# Antitruncated dodecahedron

Antitruncated dodecahedron
Rank3
TypeSemi-uniform
Elements
Faces20 triangles, 12 pentapods
Edges60+30
Vertices60
Measures (edge length 1)
Central density1
Related polytopes
ArmySrid
DualAntiapiculated icosahedron
Convex coreDodecahedron
Abstract & topological properties
OrientableYes
Properties
ConvexNo
NatureTame

The antitruncated dodecahedron or inflected truncated dodecahedron is a semi-uniform polyhedron. It consists of 20 triangles and 12 pentapods, and has 1 triangle and 2 pentapods at a vertex. It has an isosceles triangle as a vertex figure.

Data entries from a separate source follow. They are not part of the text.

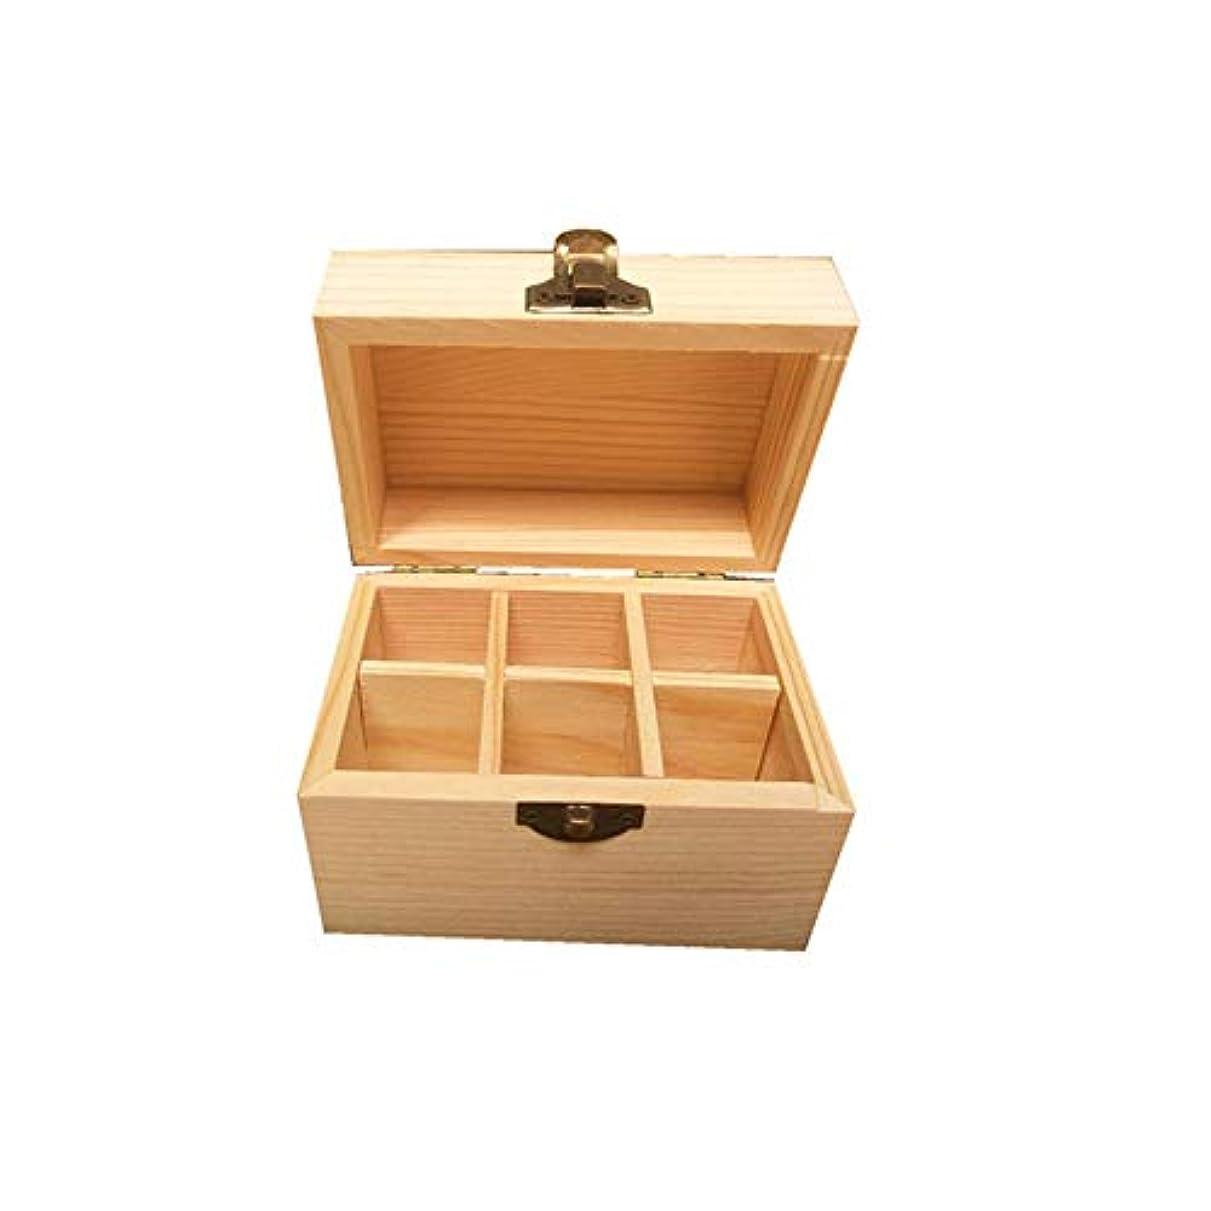 先史時代の玉信頼できるエッセンシャルオイルの保管 6つのボトル木製エッセンシャルオイルストレージボックスパーフェクトエッセンシャルオイルケース (色 : Natural, サイズ : 12X8X8.5CM)
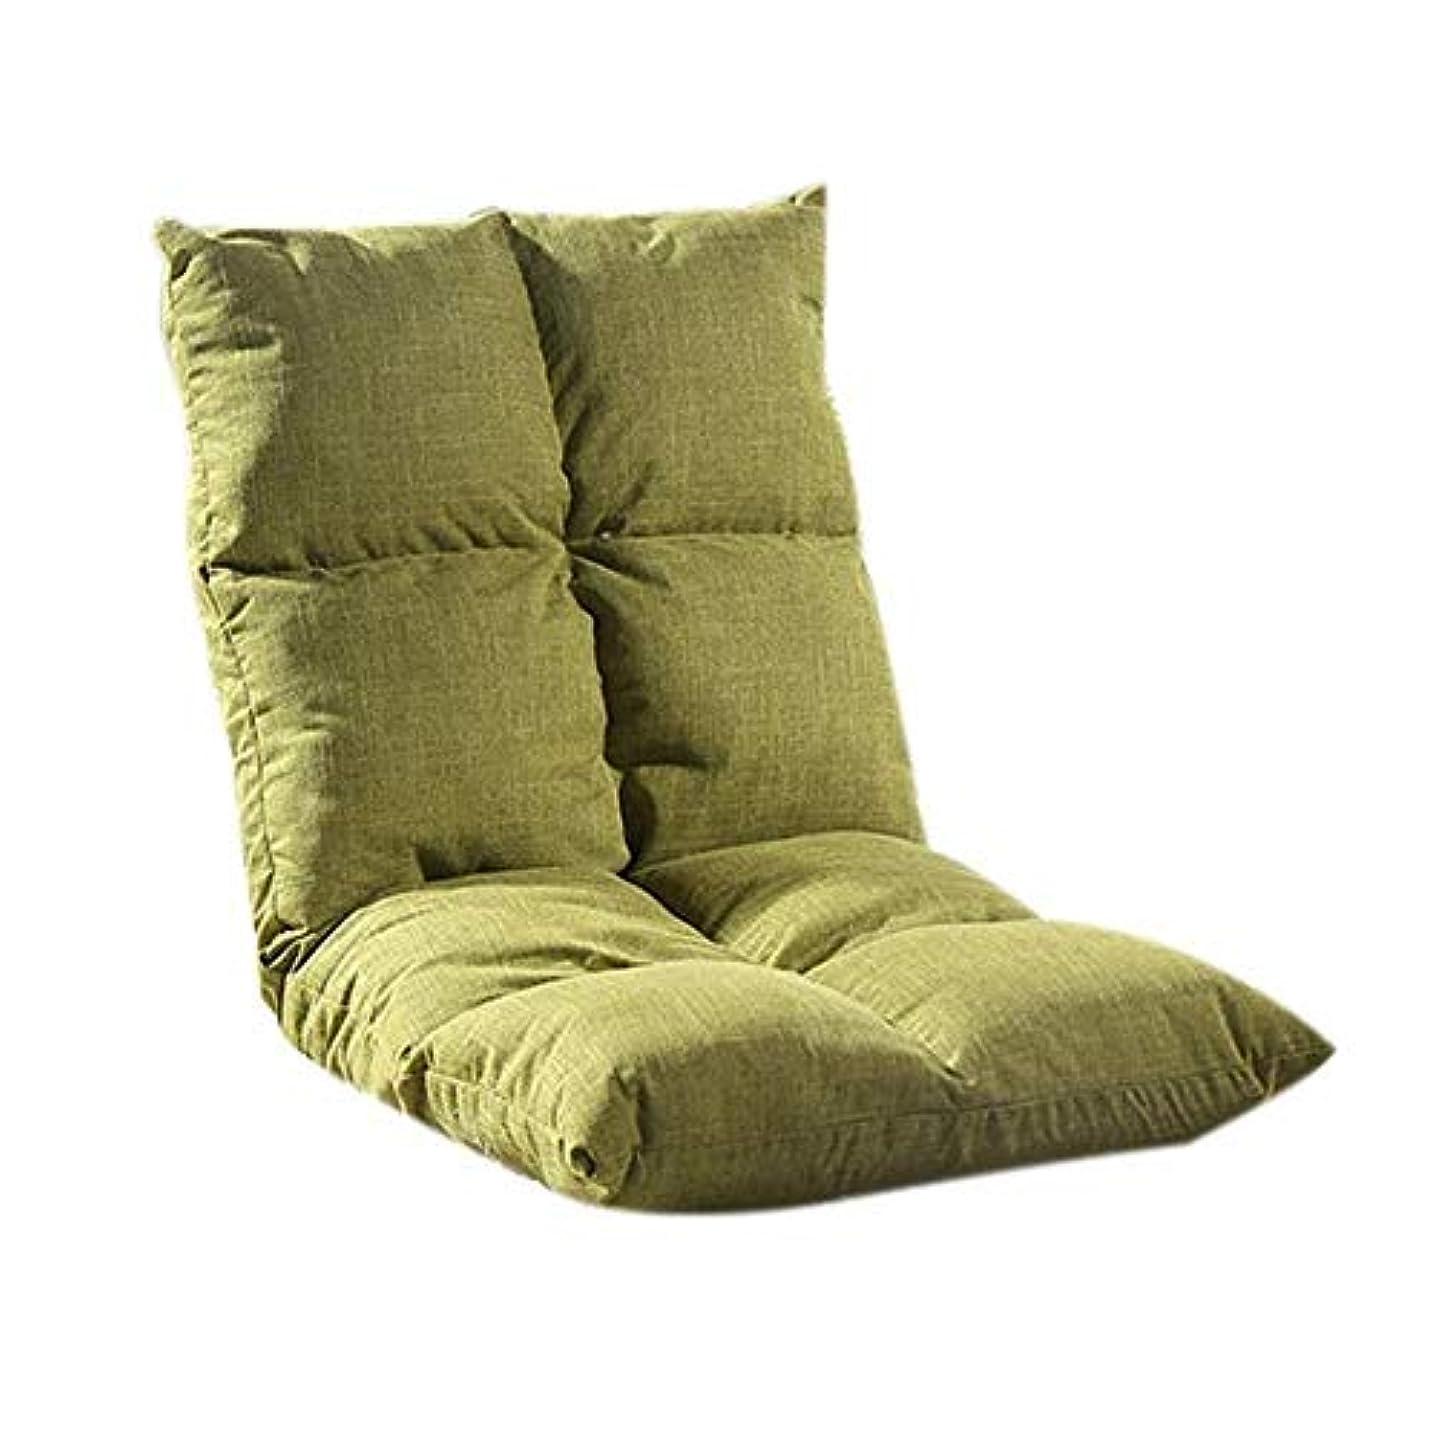 行為晩ごはん世紀怠zyなフロアチェア、畳クッション、シングルメディテーションチェア、背もたれ一体型フロアクッション、折りたたみ式厚手バルコニー和風、調節可能な椅子怠Adjustなソファゲームチェア (Color : 緑)
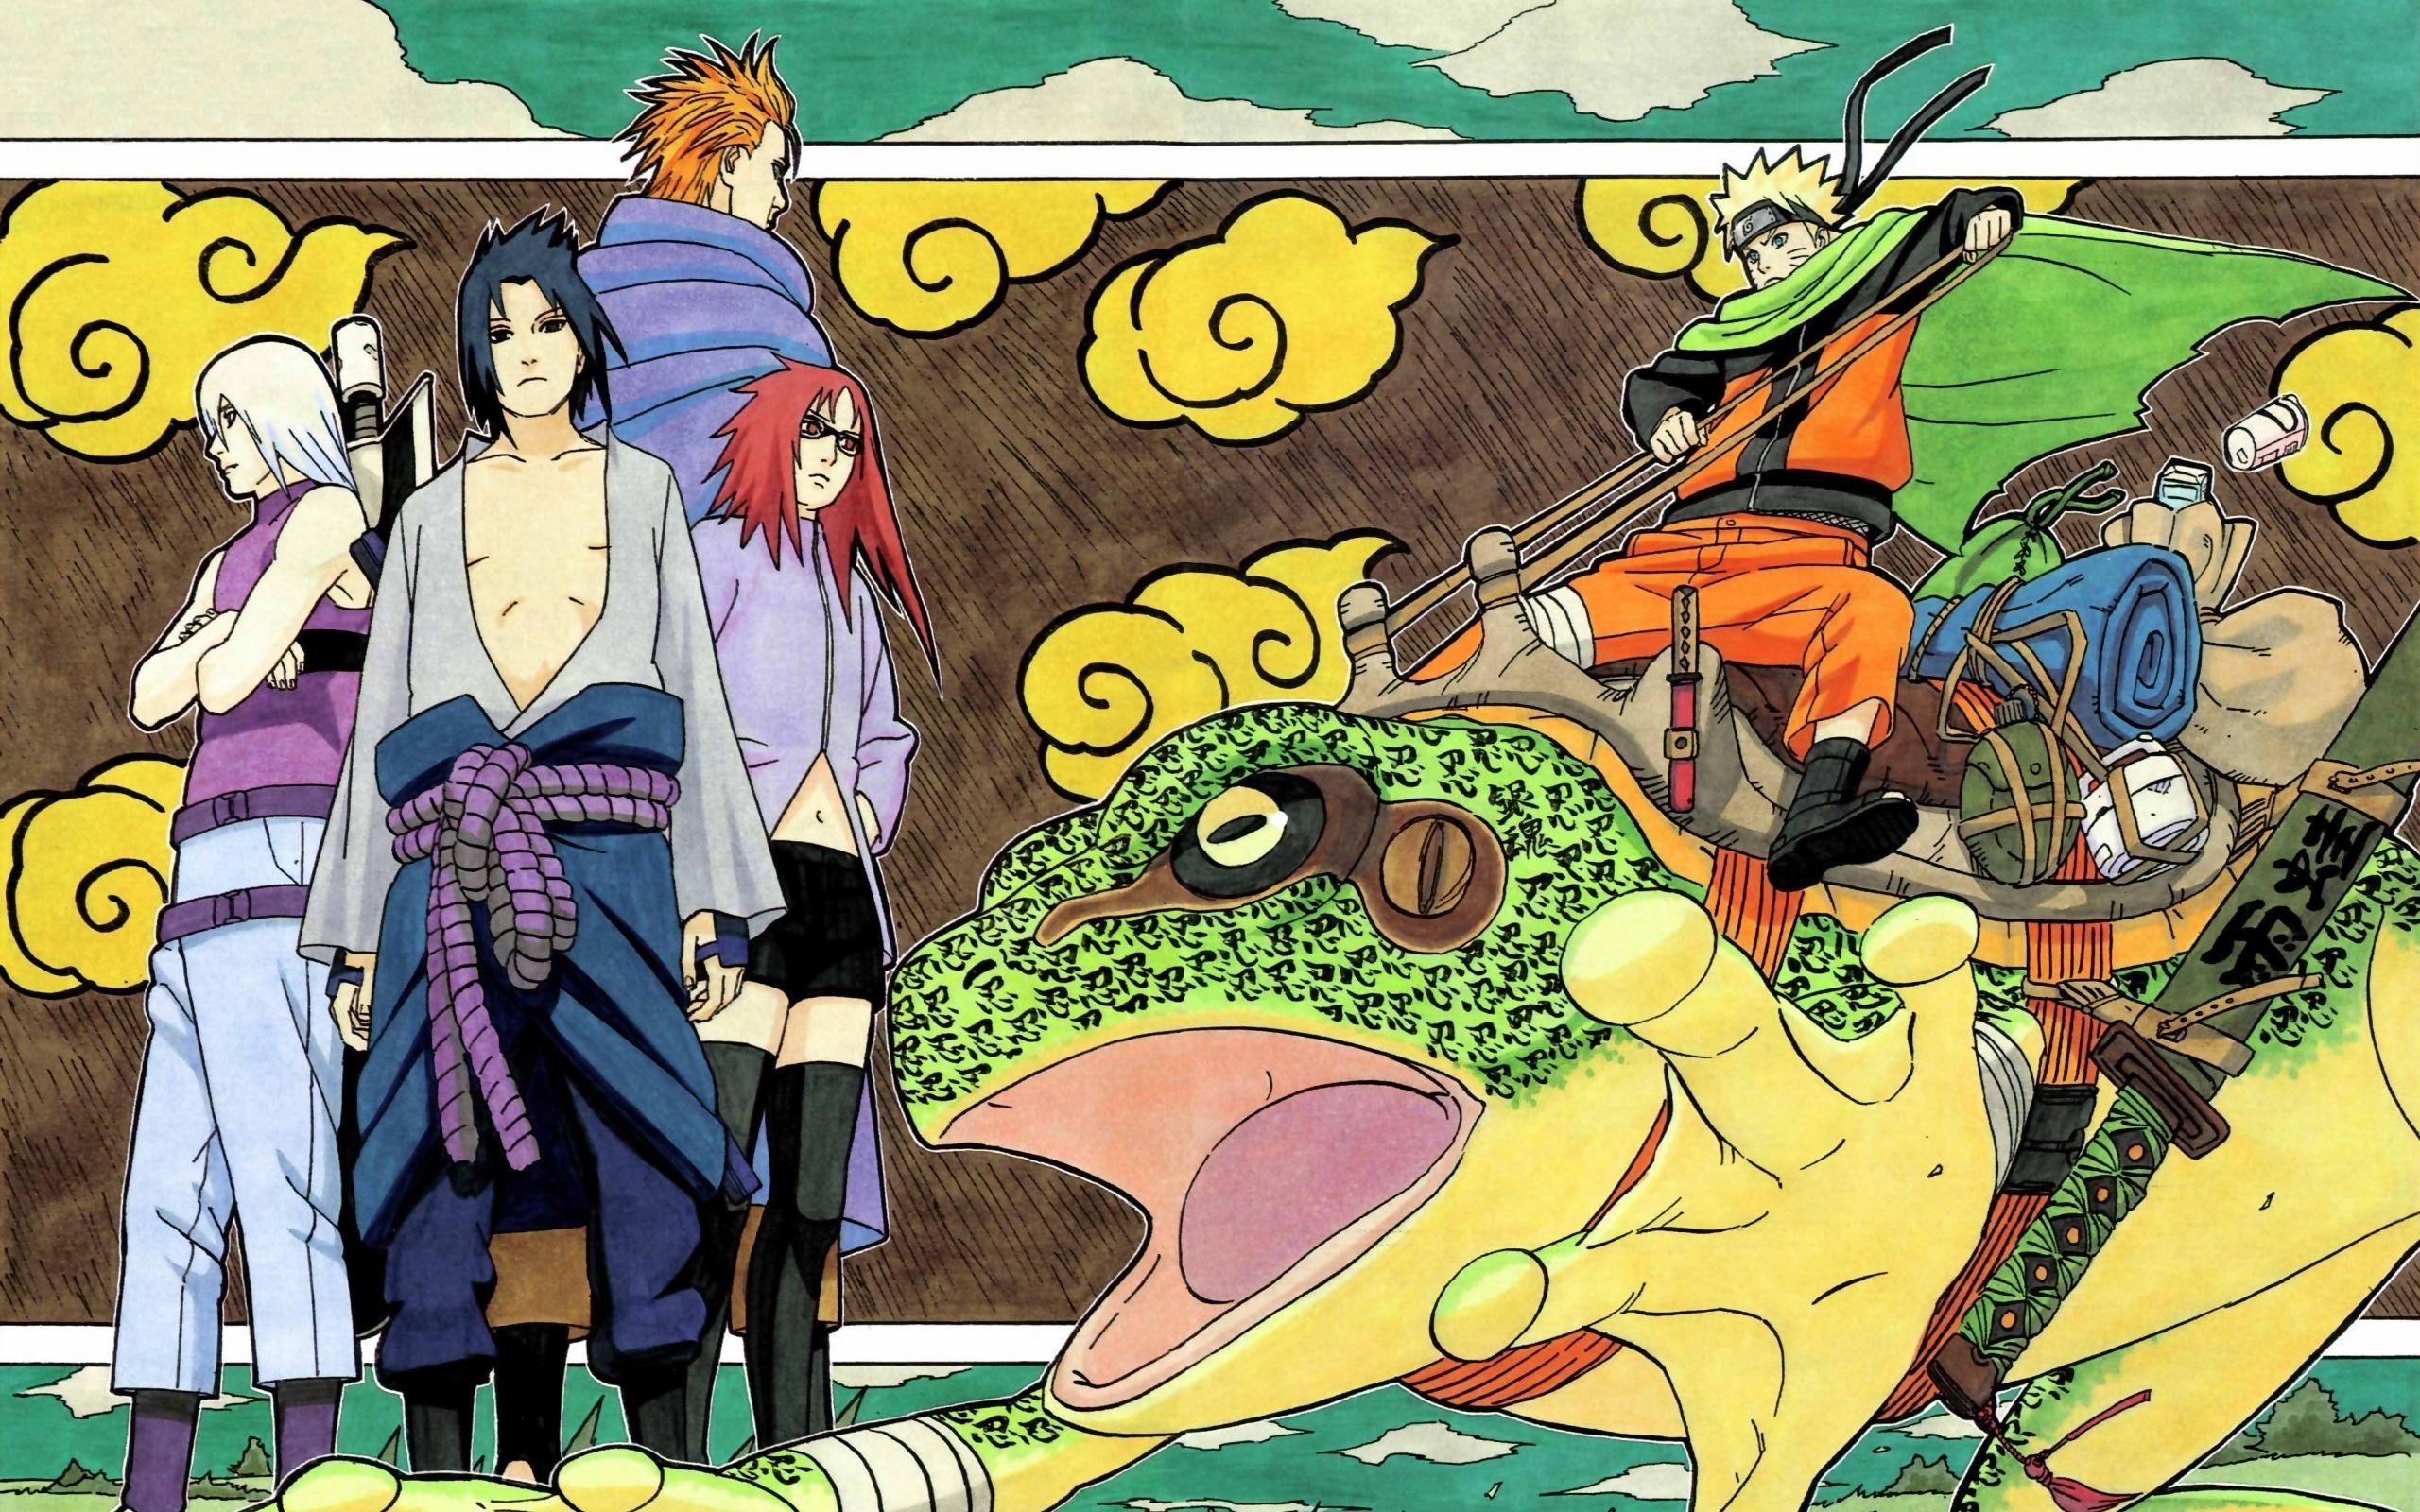 ナルト 壁紙 Naruto Wallpaper 少年漫画 アニメ マンガ

It is the antitruncation of the dodecahedron and also a faceting of the small rhombicosidodecahedron.

## Vertex coordinates

The antitruncated dodecahedron shares its vertices with the small rhombicosidodecahedron, being all permutations of

• ${\displaystyle \left(\pm {\frac {2+{\sqrt {5}}}{2}},\,\pm {\frac {1}{2}},\,\pm {\frac {1}{2}}\right),}$

along with all even permutations of

• ${\displaystyle \left(\pm {\frac {2+{\sqrt {5}}}{2}},\,\pm {\frac {1}{2}},\,\pm {\frac {1}{2}}\right),}$
• ${\displaystyle \left(\pm {\frac {1+{\sqrt {5}}}{4}},\,\pm {\frac {1+{\sqrt {5}}}{2}},\,\pm {\frac {3+{\sqrt {5}}}{4}}\right).}$

## Variations

The antitruncated dodecahedron is part of a teepee where you continue to antitruncate the dodecahedron without the vertices crossing.